Know what you can do before you try.

A structural assessment of whether an autonomous agent can actually perform an action given current substrate conditions — combining the capability envelope, temporal executability forecasting, and a joint condition over capability, time, and uncertainty.

The gap

Every existing access control system answers a single question: is this agent authorized to perform this action? Authorization is a governance property — a policy decision. But authorization says nothing about whether the action can actually be performed. An agent may be authorized to write to a database that is offline, permitted to invoke a service that has been deprecated, or entitled to execute a computation that exceeds available resources.

The gap between permission and capability produces a class of failures that no governance system detects: authorized actions that fail at execution because the substrate cannot support them. The agent is not misbehaving and the governance system is not failing. The action was permitted. It simply cannot be done, and nothing in the architecture was responsible for knowing that in advance.

The invention

Capability awareness provides a structural assessment of what an agent can actually do given current substrate conditions. The capability envelope defines the boundary of executable actions. Temporal executability forecasting predicts how that envelope changes over time. The joint condition combines capability, time, and uncertainty into a single executability assessment: can this action be performed, at this time, with acceptable uncertainty about the outcome?

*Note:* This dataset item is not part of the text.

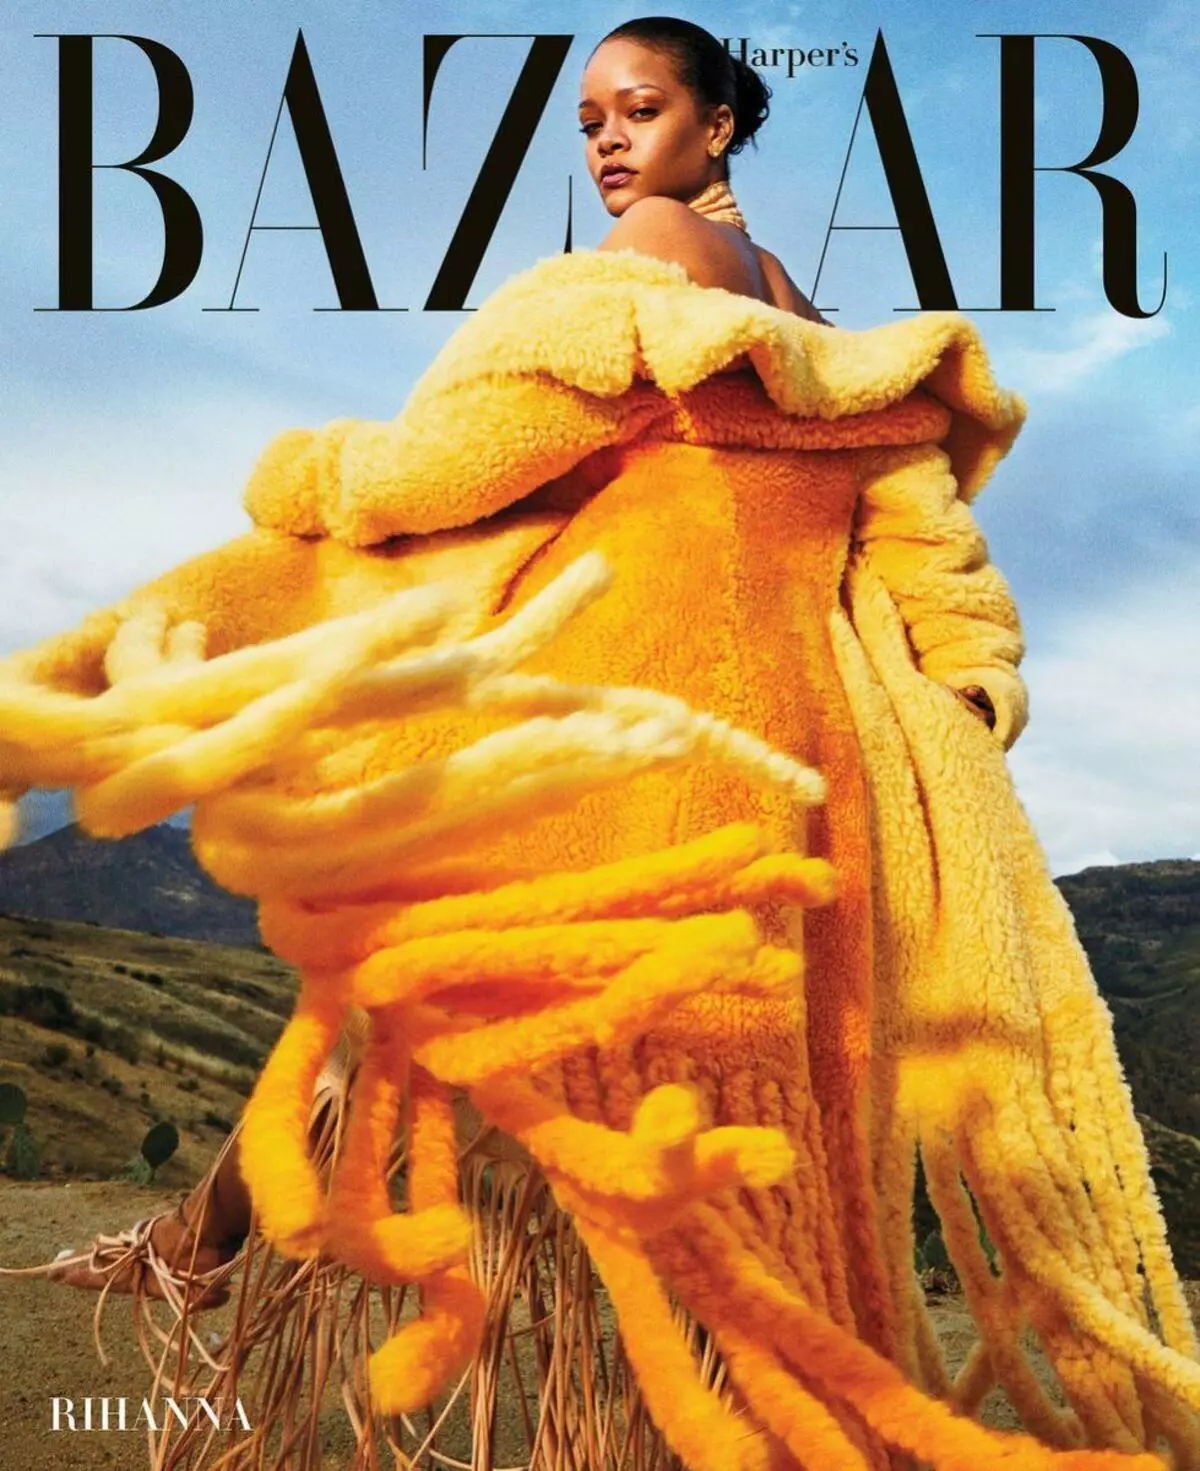 Med skraldespakker. Bemærk: Rihanna Dekoreret Cover Harpers Bazaar 17995_2

The assessment runs before execution rather than as an error recovered afterward. The agent does not attempt actions it cannot complete, promise outcomes it cannot deliver, or consume resources on operations that will fail. And because capability is treated as first-class state rather than an implicit property of the runtime, an agent can forecast when an action will become executable and plan around the answer.

The inventive step

The departure from prior art is the separation of "may you act?" from "can you act?" — and the elevation of the second question to a structural, predictive property. Prior systems collapse capability into authorization or discover it only at the point of failure. Here, executability is assessed against the substrate ahead of time, as a function of capability, time, and uncertainty held jointly rather than checked in isolation.

Treating the capability envelope as forecastable state is what makes the rest non-obvious. An agent reasons not only about whether an action is possible now, but about when it becomes possible and with what confidence — turning a runtime failure mode into a planning input that existing permission and resource-checking schemes do not provide.

Alone, and in composition

On its own, capability awareness is substrate-aware execution for any autonomous system operating under changing conditions — distributed agents, robotics fleets, and edge deployments where resources and connectivity shift and an authorized action is not always an achievable one.

In composition, it is the missing complement to governance. Where confidence governance asks whether an agent is sure enough to act, capability awareness asks whether it is able to act at all; together they produce agents that execute only when they are both authorized and able, with quantified uncertainty about the outcome. The capability envelope feeds the wider platform the same way permission does — as a precondition every other layer can read.

AQ

Substrate-aware execution for autonomous agents — the precondition that asks not whether an action is permitted, but whether it can be done.